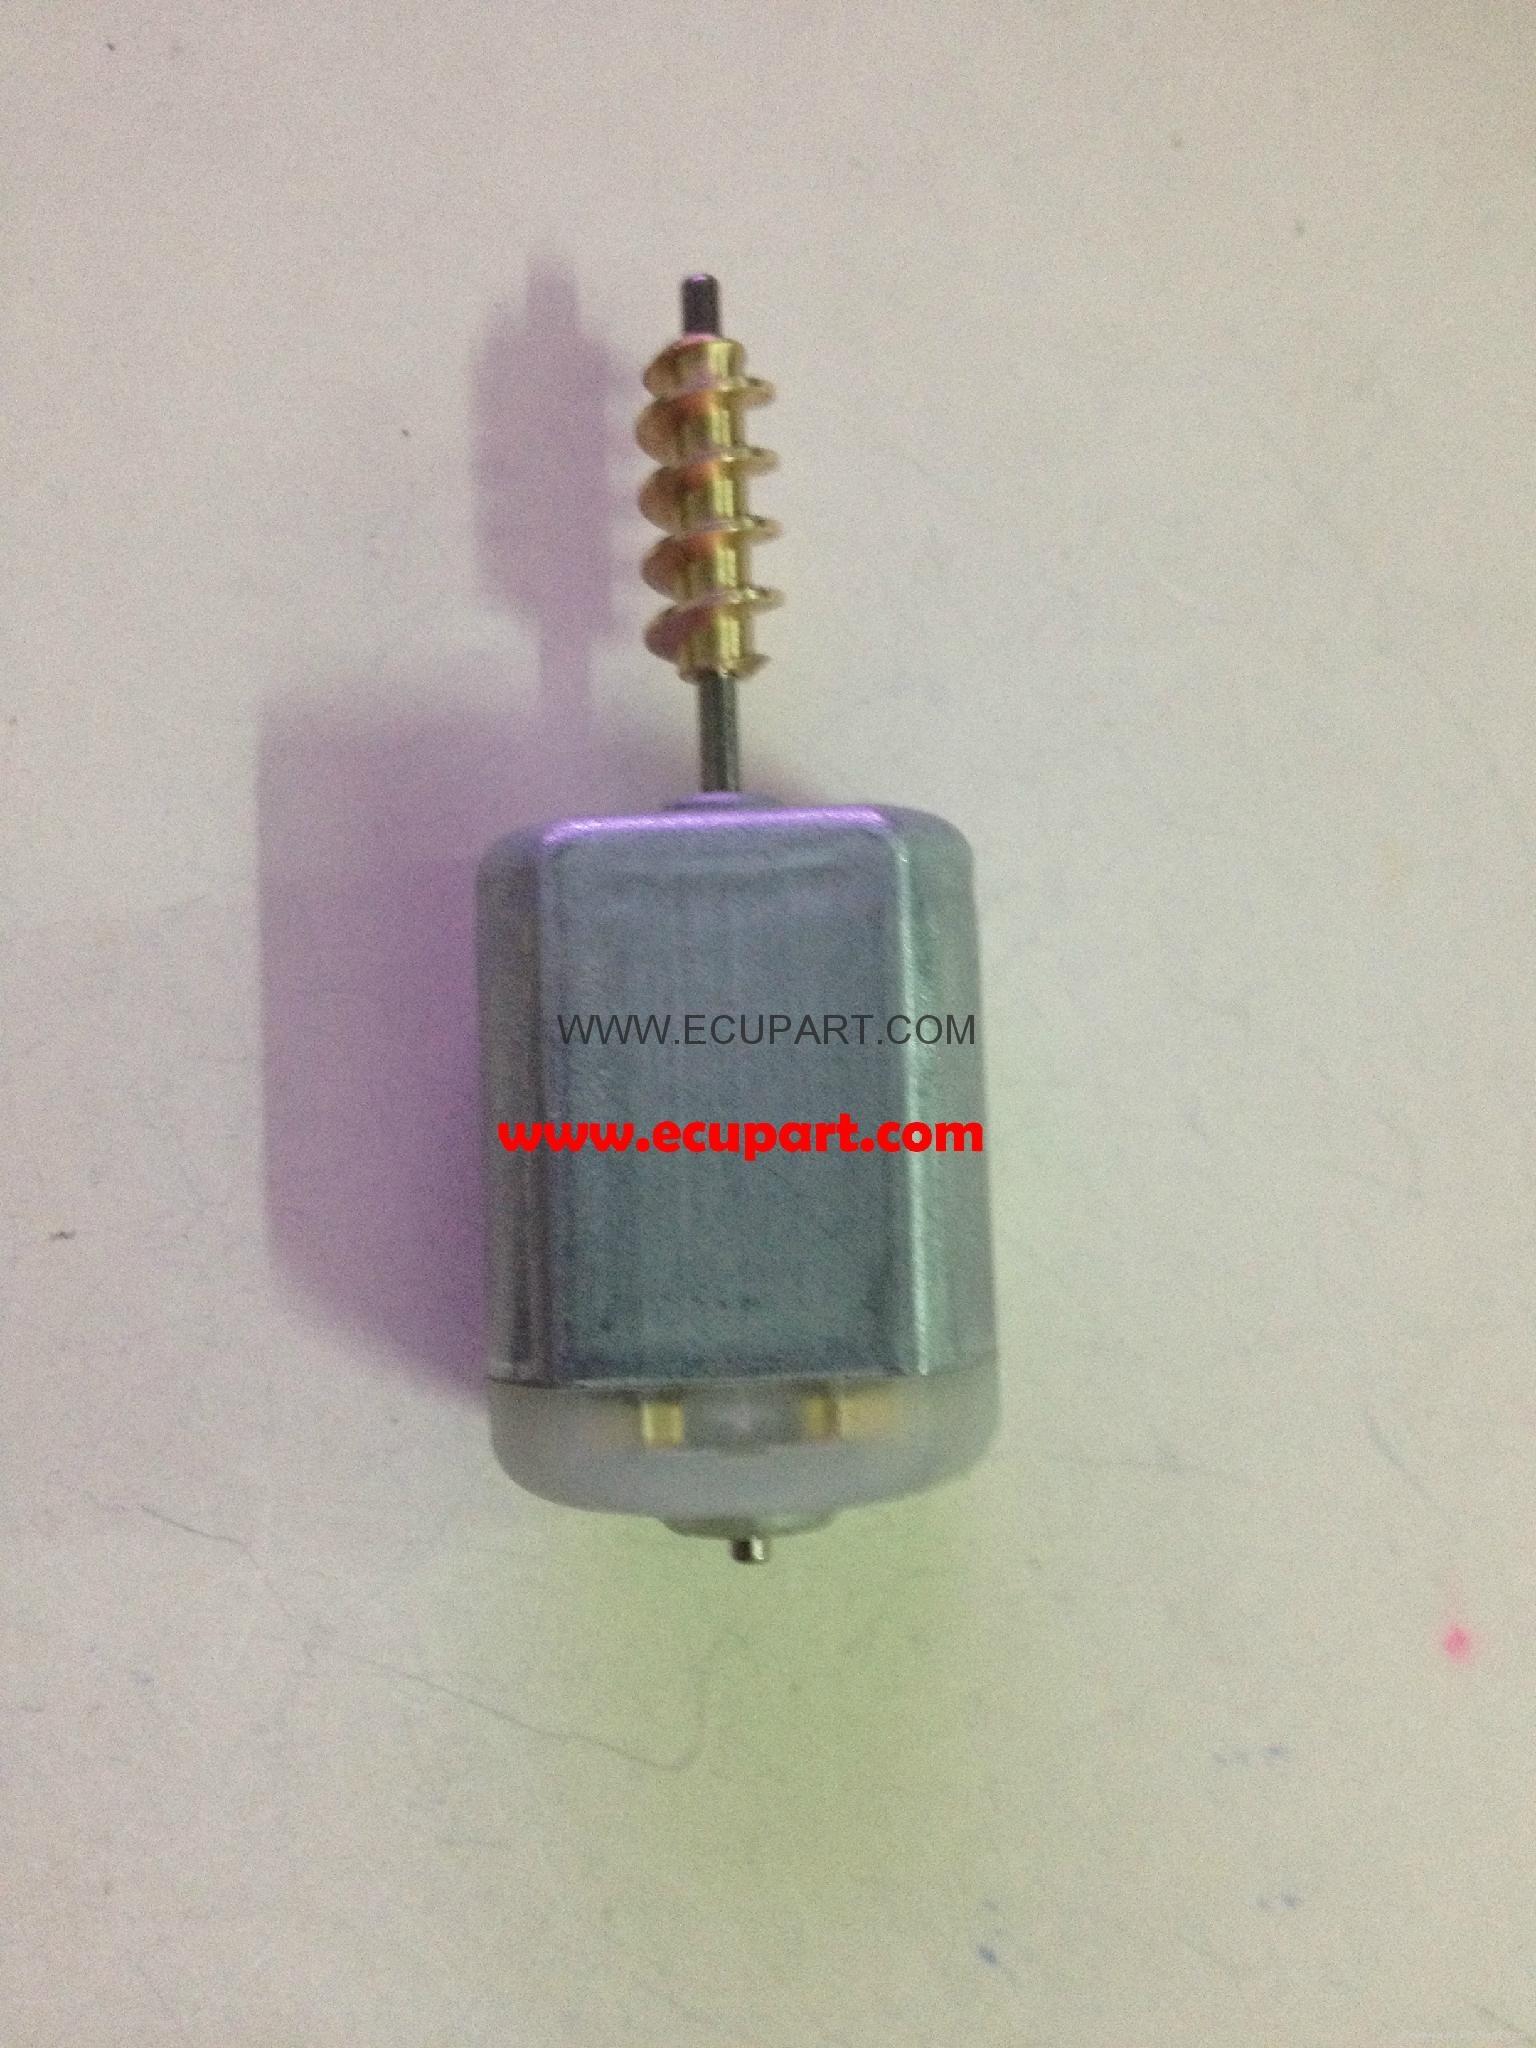 奔驰车门电机C180 C200 C220 C230 C250 C280 C300 C320 C350 C63 1
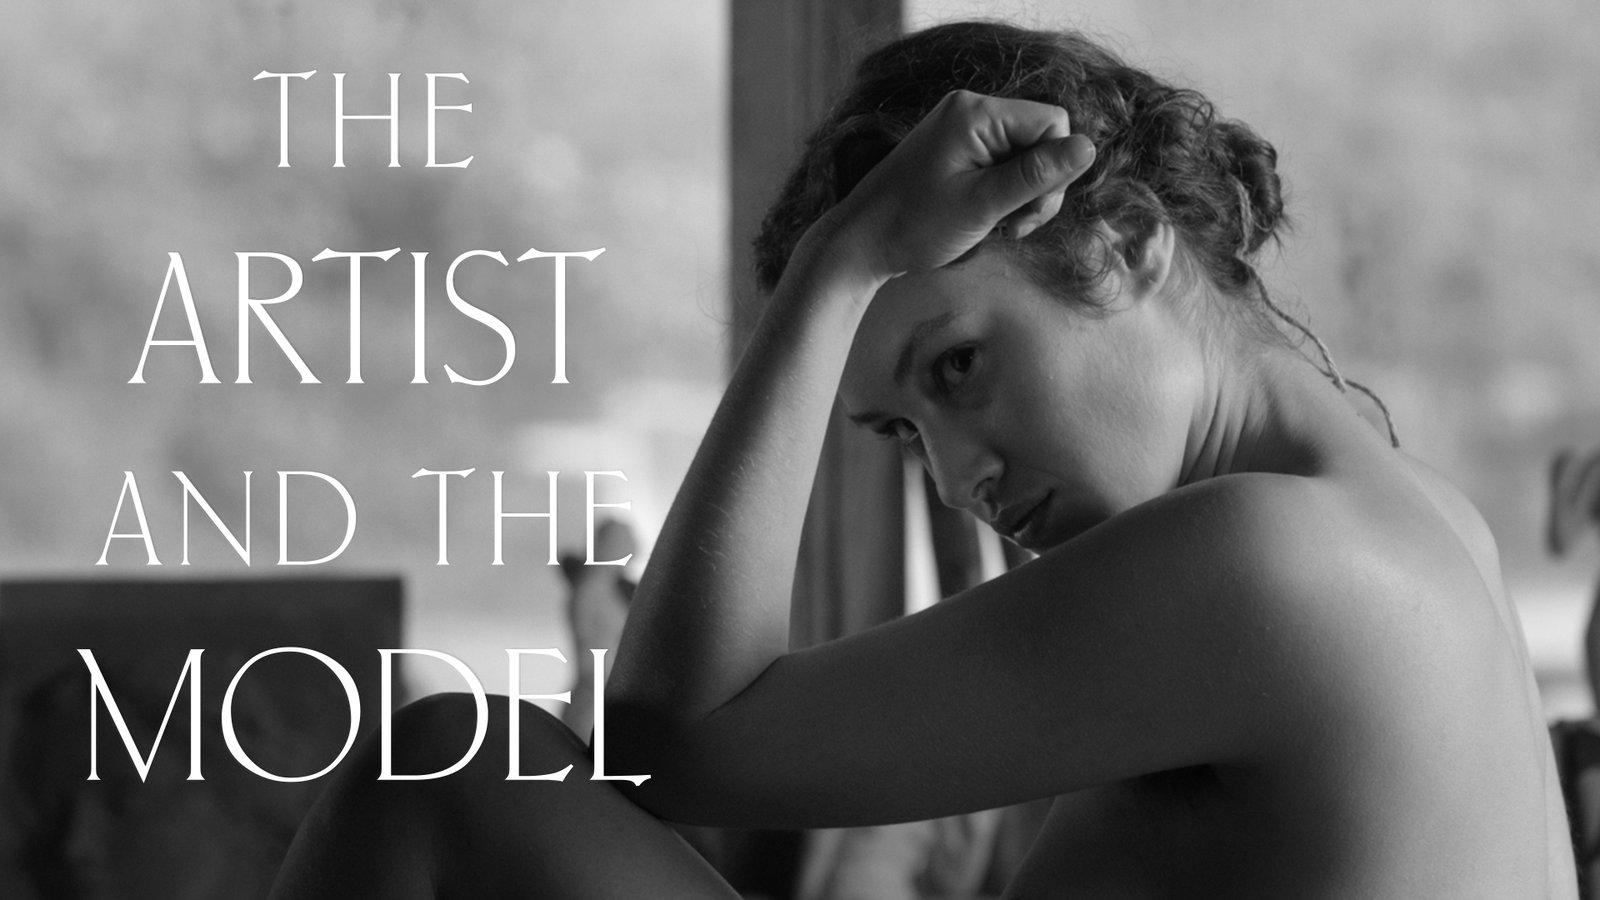 The Artist and the Model - El artista y la modelo
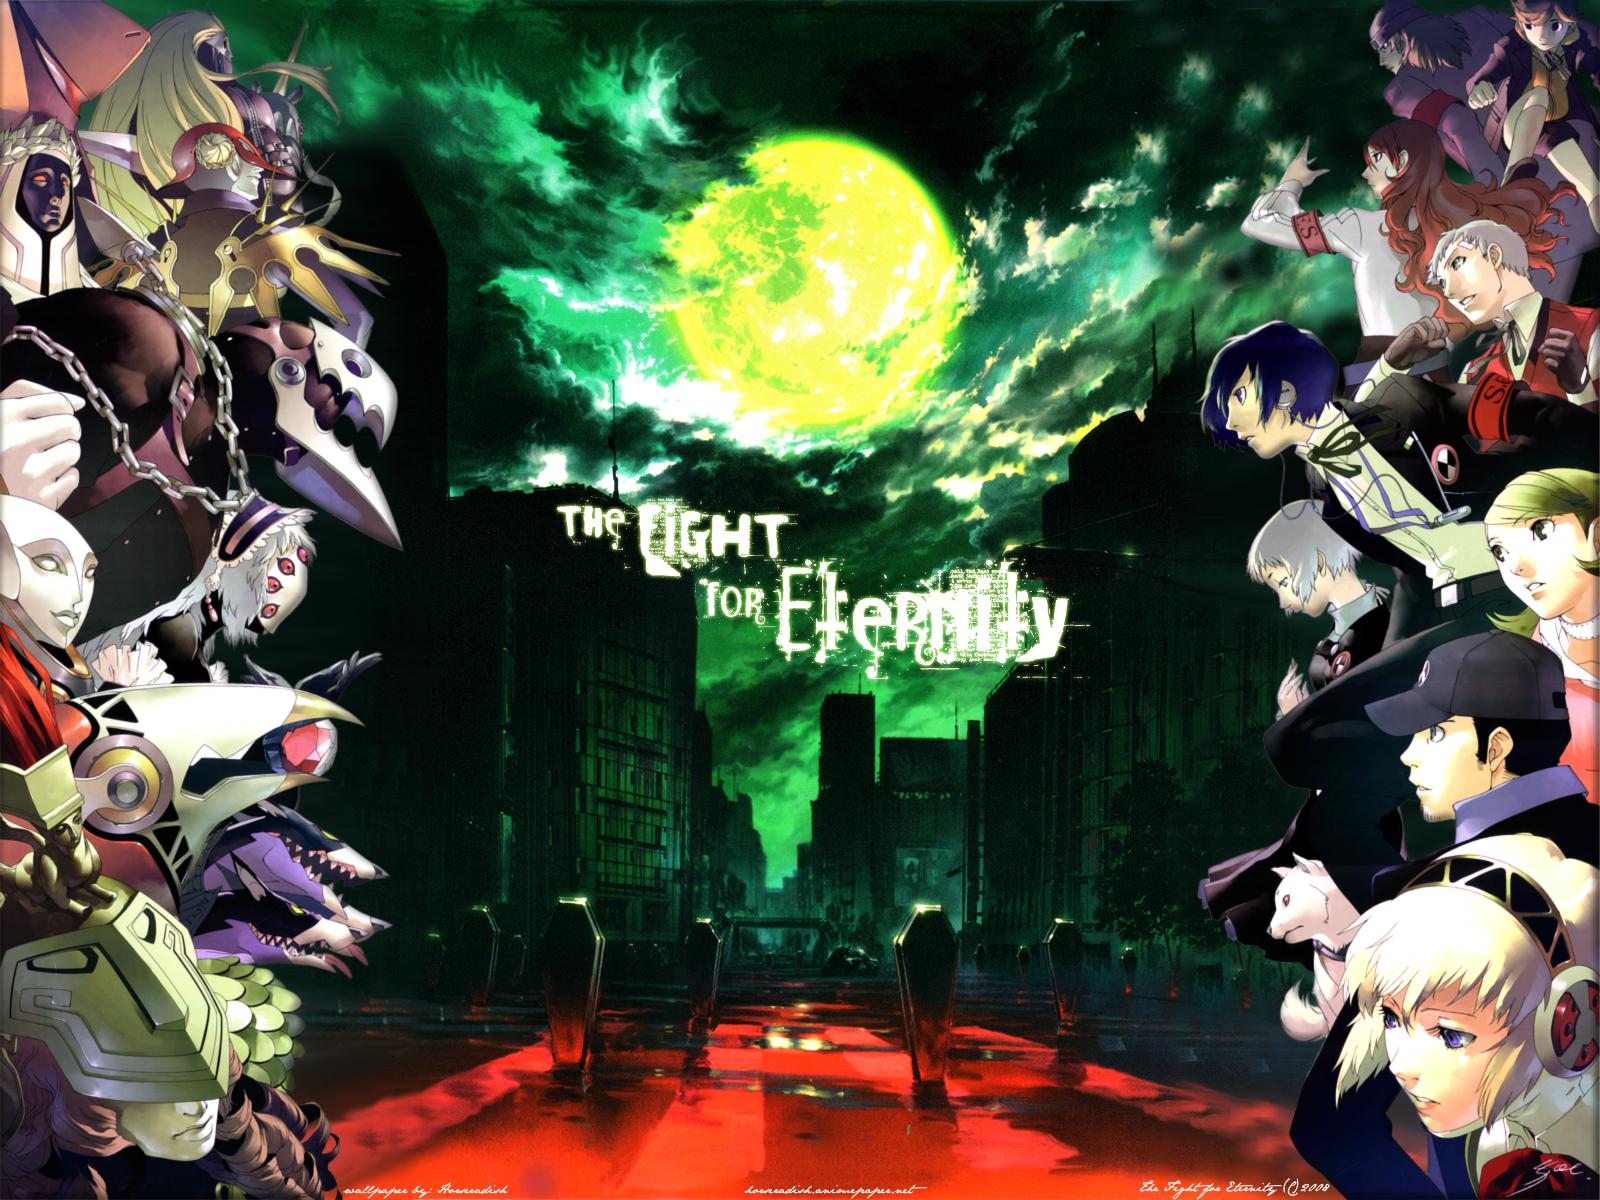 Shin Megami Tensei Persona 3 Wallpaper Dark Hour The

#### YOUR INSTRUCTIONS
Would you please copy the listing exactly, omitting every picture?

#### SOLUTION TO THIS EXERCISE
 奔驰车门电机C180 C200 C220 C230 C250 C280 C300 C320 C350 C63 1
 The Artist and the Model - El artista y la modelo
 Shin Megami Tensei Persona 3 Wallpaper Dark Hour The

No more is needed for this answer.